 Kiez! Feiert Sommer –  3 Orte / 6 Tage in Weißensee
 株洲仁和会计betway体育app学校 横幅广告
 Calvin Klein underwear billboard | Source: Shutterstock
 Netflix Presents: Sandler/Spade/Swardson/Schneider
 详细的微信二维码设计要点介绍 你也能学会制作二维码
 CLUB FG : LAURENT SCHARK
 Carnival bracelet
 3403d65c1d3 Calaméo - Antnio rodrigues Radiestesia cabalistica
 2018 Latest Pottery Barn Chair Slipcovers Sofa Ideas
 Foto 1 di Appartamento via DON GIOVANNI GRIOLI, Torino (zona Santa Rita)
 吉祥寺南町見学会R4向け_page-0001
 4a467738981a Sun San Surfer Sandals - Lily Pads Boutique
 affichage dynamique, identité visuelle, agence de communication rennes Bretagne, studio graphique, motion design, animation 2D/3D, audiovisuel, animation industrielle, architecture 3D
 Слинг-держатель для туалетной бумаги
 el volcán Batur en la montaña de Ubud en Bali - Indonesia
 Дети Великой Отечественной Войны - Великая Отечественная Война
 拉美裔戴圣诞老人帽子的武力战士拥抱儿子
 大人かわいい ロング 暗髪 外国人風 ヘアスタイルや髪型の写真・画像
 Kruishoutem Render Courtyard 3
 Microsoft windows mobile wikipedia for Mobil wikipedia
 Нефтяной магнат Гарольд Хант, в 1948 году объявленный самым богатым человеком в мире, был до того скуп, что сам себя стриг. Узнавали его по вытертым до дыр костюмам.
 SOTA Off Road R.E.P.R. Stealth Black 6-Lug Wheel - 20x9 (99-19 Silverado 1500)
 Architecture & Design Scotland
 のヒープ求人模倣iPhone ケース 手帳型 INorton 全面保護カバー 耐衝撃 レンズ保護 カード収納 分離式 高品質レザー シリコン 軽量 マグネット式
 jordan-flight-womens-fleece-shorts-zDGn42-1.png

============

Task: All lines above from the one with "3403d65c1d3 Calaméo - Antnio" to the one with "のヒープ求人模倣iPhone ケース 手帳型", inclusive, should be copied exactly, and no other lines.

Answer space:
 3403d65c1d3 Calaméo - Antnio rodrigues Radiestesia cabalistica
 2018 Latest Pottery Barn Chair Slipcovers Sofa Ideas
 Foto 1 di Appartamento via DON GIOVANNI GRIOLI, Torino (zona Santa Rita)
 吉祥寺南町見学会R4向け_page-0001
 4a467738981a Sun San Surfer Sandals - Lily Pads Boutique
 affichage dynamique, identité visuelle, agence de communication rennes Bretagne, studio graphique, motion design, animation 2D/3D, audiovisuel, animation industrielle, architecture 3D
 Слинг-держатель для туалетной бумаги
 el volcán Batur en la montaña de Ubud en Bali - Indonesia
 Дети Великой Отечественной Войны - Великая Отечественная Война
 拉美裔戴圣诞老人帽子的武力战士拥抱儿子
 大人かわいい ロング 暗髪 外国人風 ヘアスタイルや髪型の写真・画像
 Kruishoutem Render Courtyard 3
 Microsoft windows mobile wikipedia for Mobil wikipedia
 Нефтяной магнат Гарольд Хант, в 1948 году объявленный самым богатым человеком в мире, был до того скуп, что сам себя стриг. Узнавали его по вытертым до дыр костюмам.
 SOTA Off Road R.E.P.R. Stealth Black 6-Lug Wheel - 20x9 (99-19 Silverado 1500)
 Architecture & Design Scotland
 のヒープ求人模倣iPhone ケース 手帳型 INorton 全面保護カバー 耐衝撃 レンズ保護 カード収納 分離式 高品質レザー シリコン 軽量 マグネット式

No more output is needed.